[PROVIDED DATA]
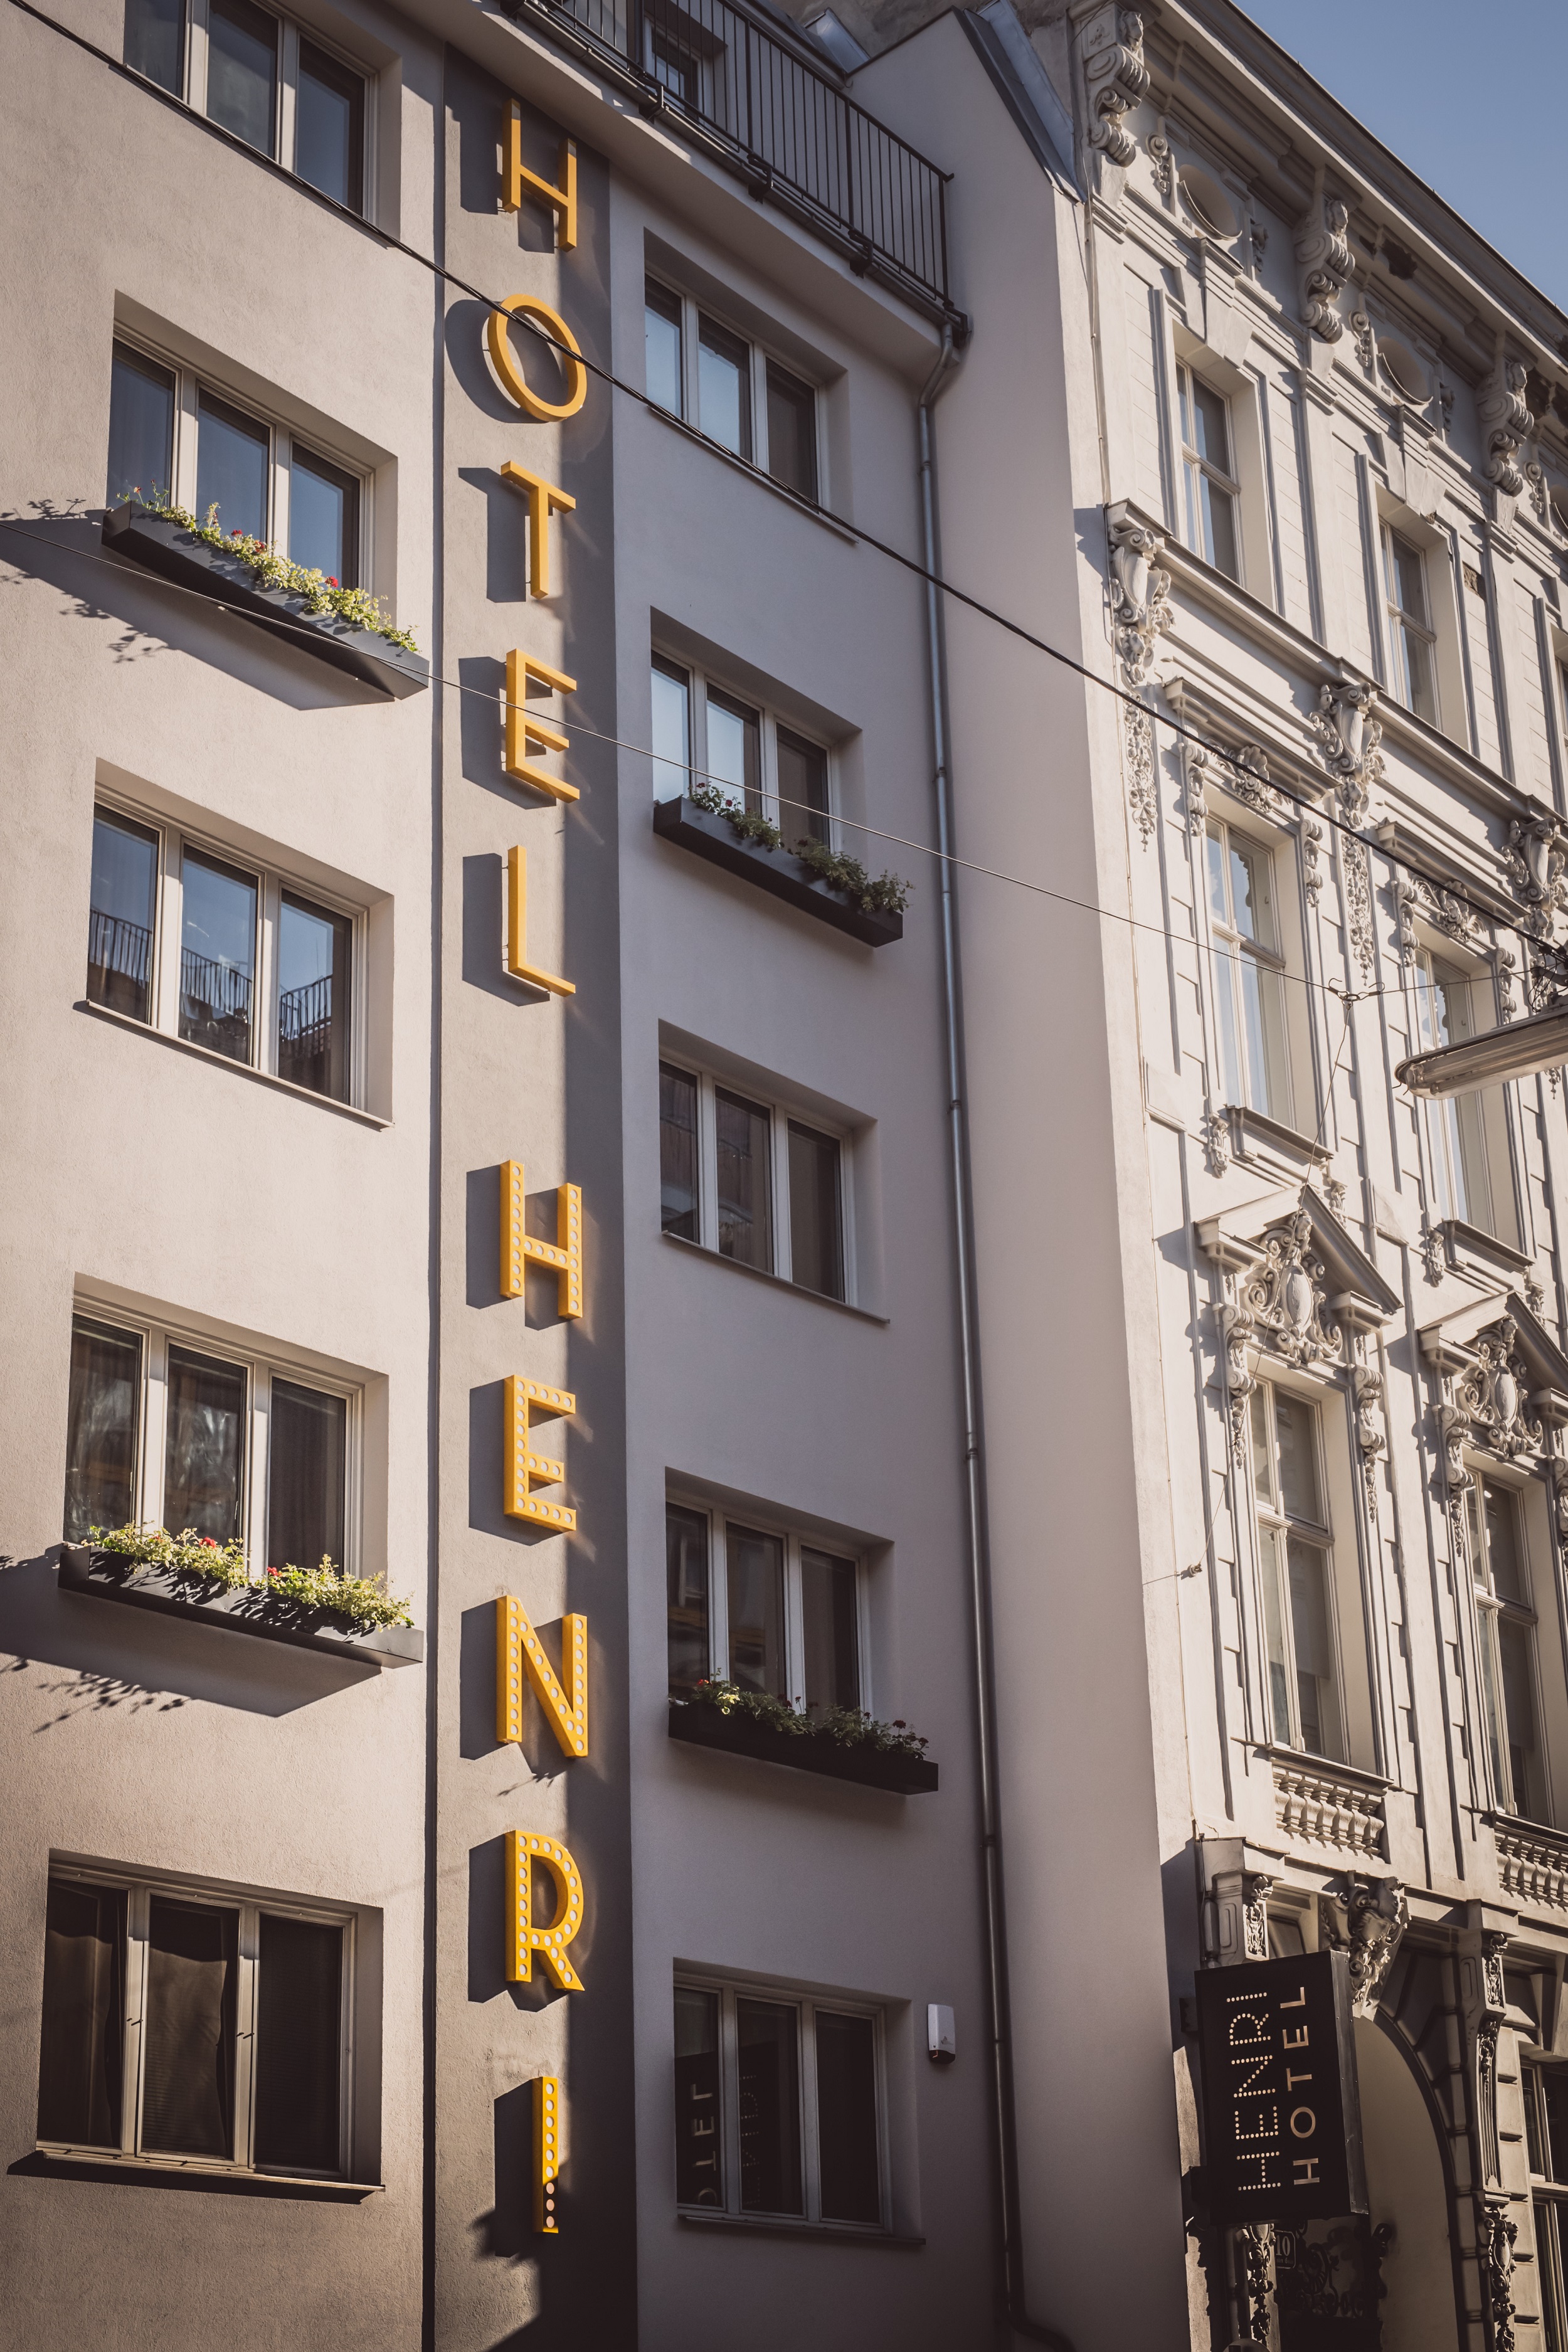 HENRI Hotel, Wien.
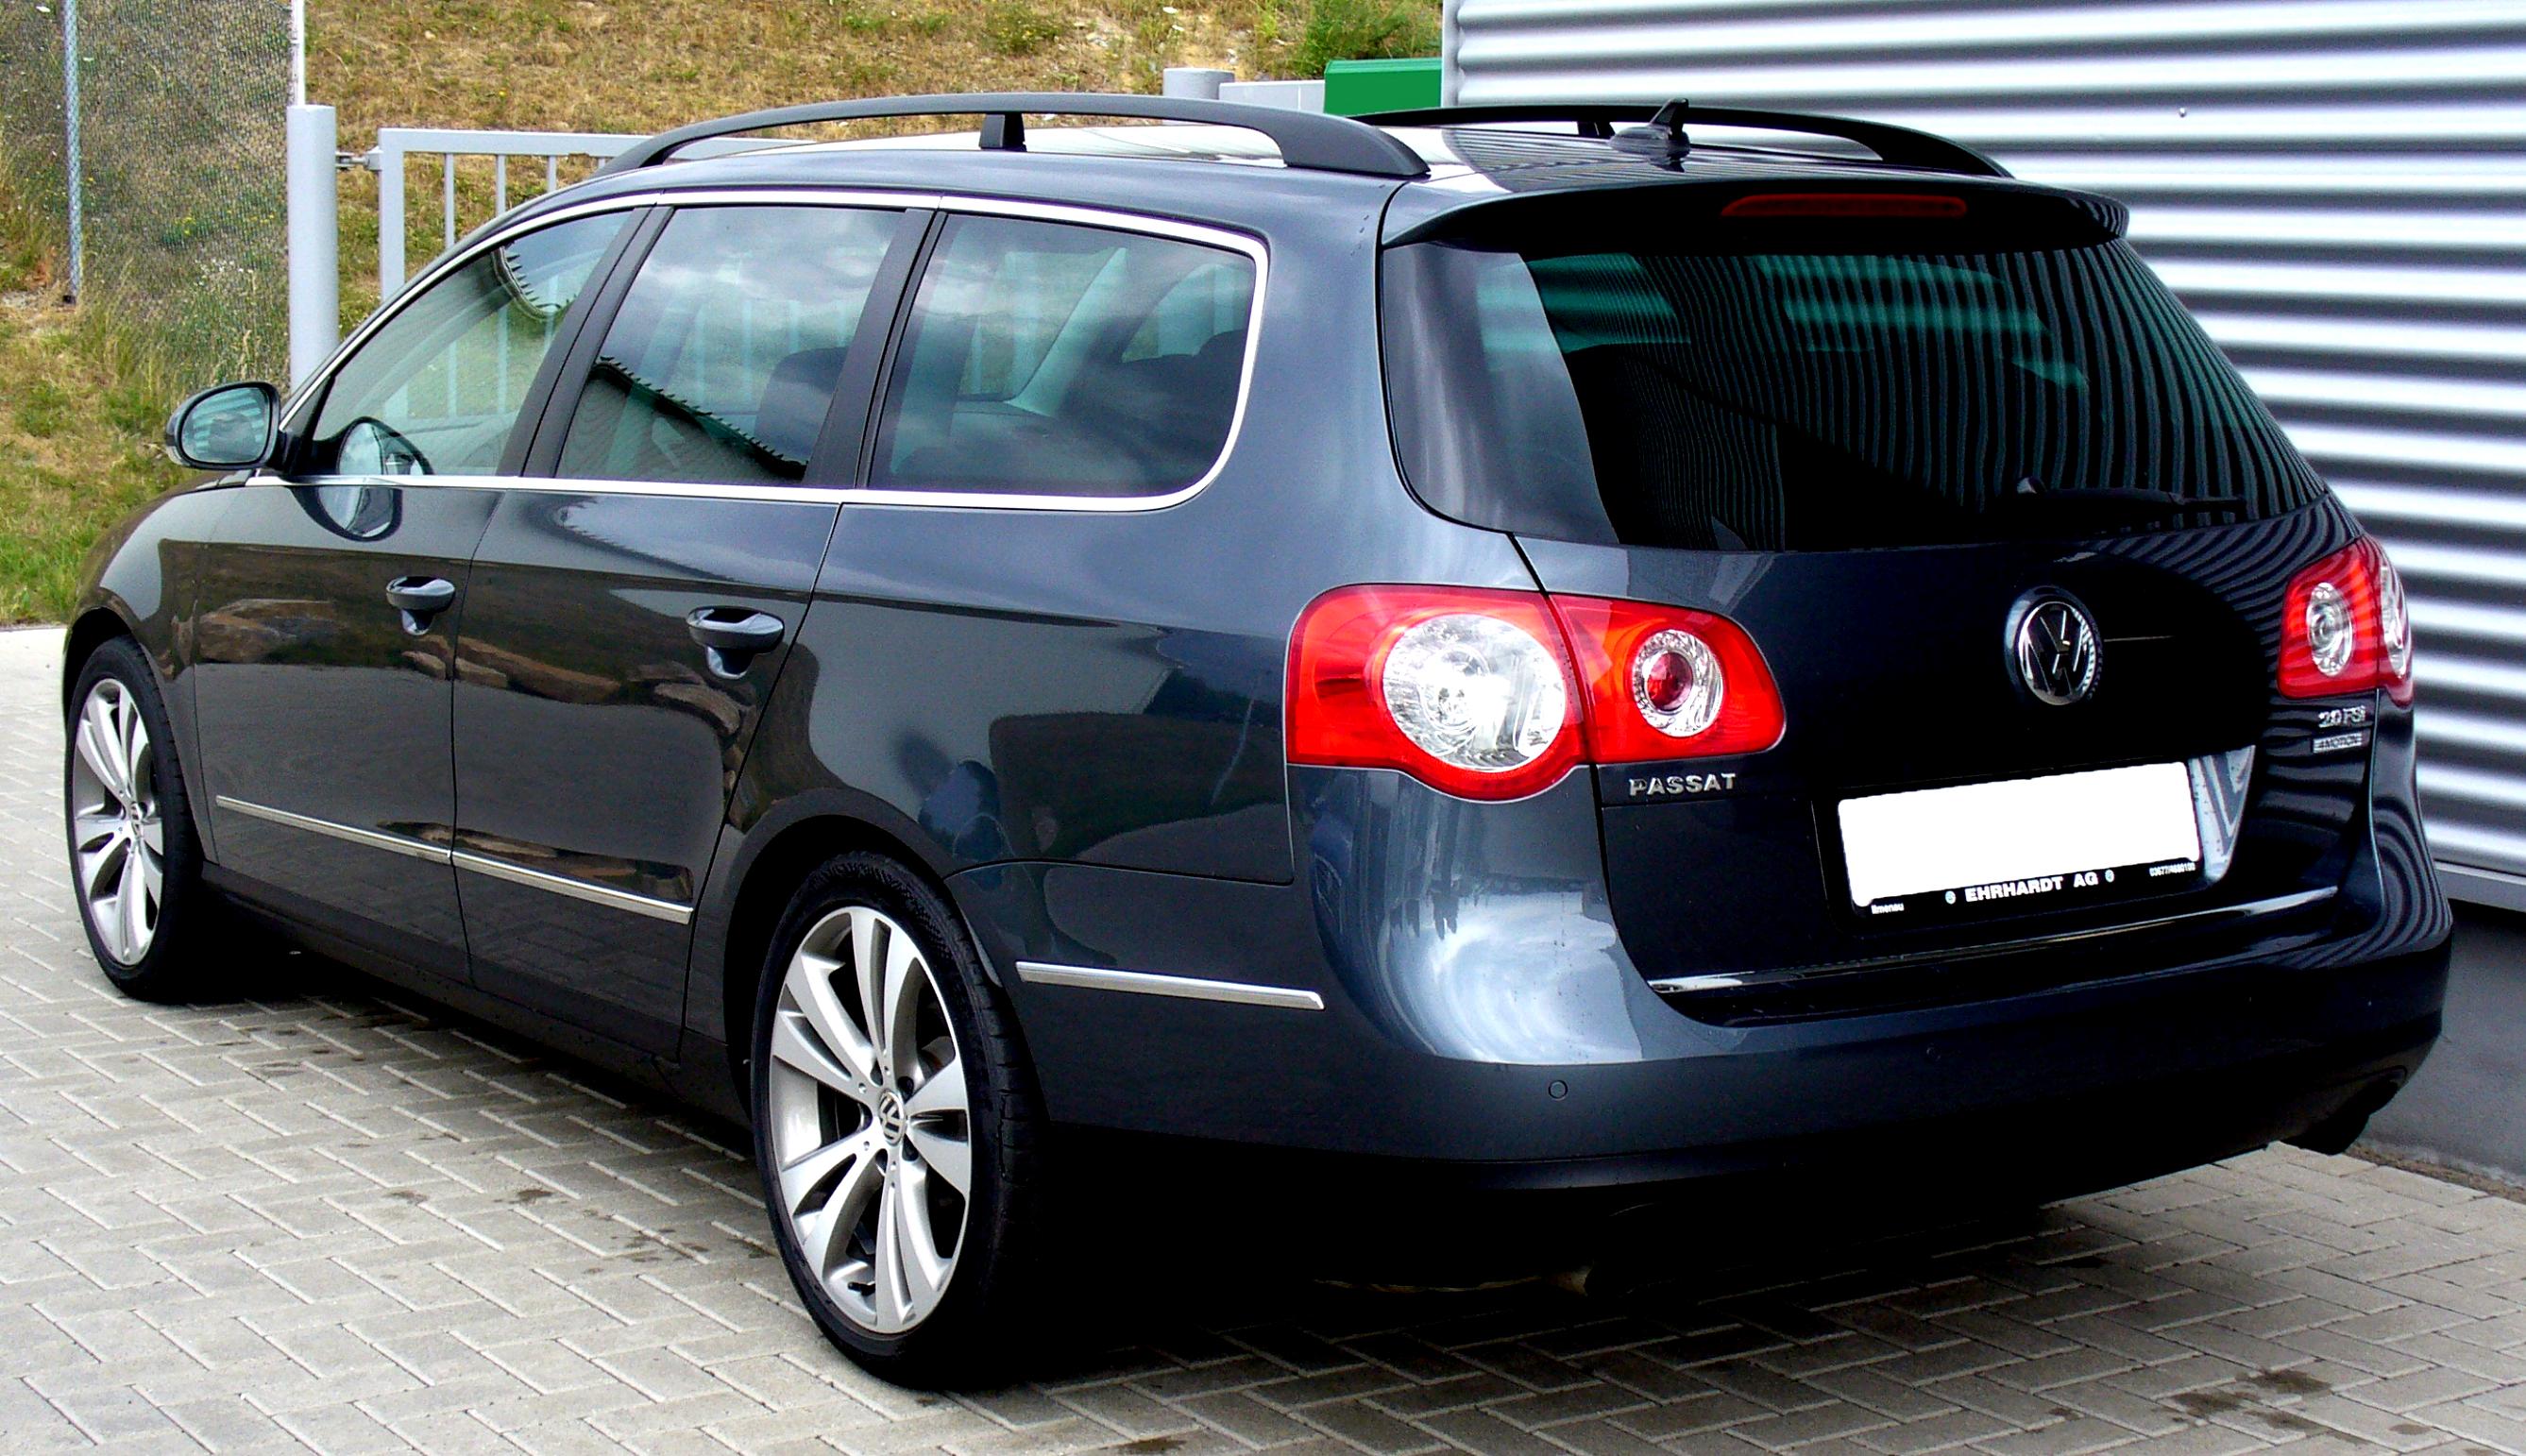 Фольксваген пассат б6 2. Пассат б6 универсал. VW Passat b6 универсал. Фольксваген Passat b6 variant. Фольксваген Пассат универсал 2010.
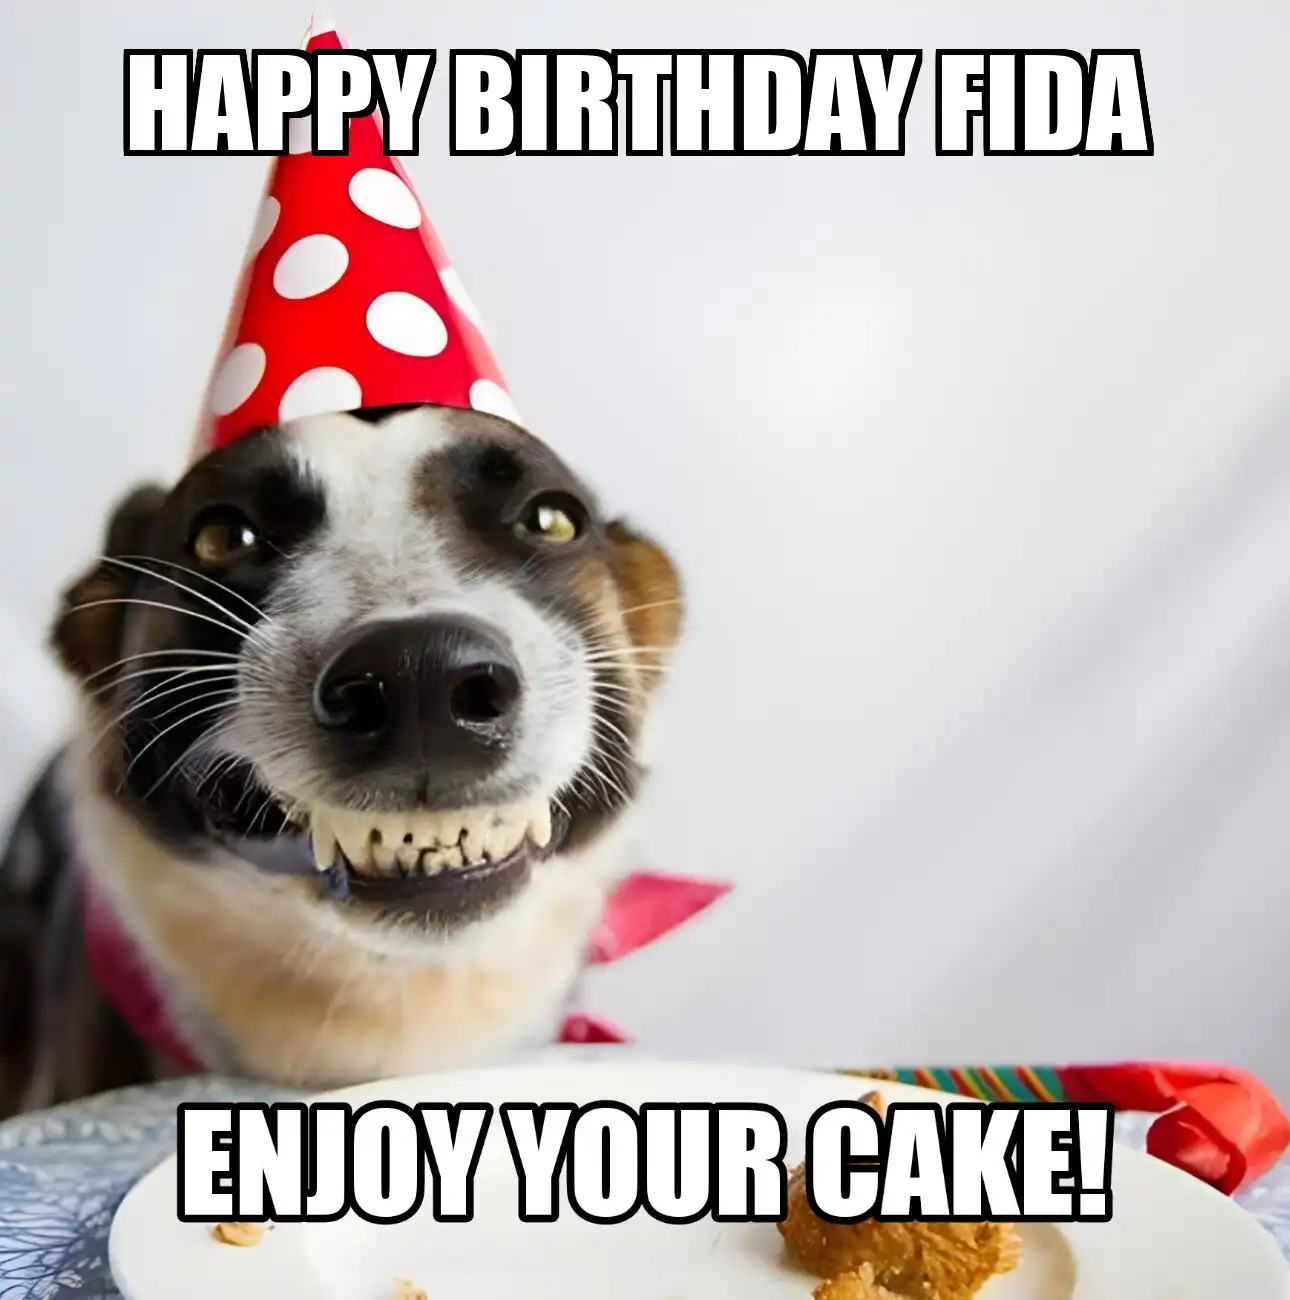 Happy Birthday Fida Enjoy Your Cake Dog Meme

[TASK PROMPT] Make an exact copy of the listing above. Do not include the pictures.

[COMPLETED EXERCISE]
 HENRI Hotel, Wien.
 Фольксваген пассат б6 2. Пассат б6 универсал. VW Passat b6 универсал. Фольксваген Passat b6 variant. Фольксваген Пассат универсал 2010.
 Happy Birthday Fida Enjoy Your Cake Dog Meme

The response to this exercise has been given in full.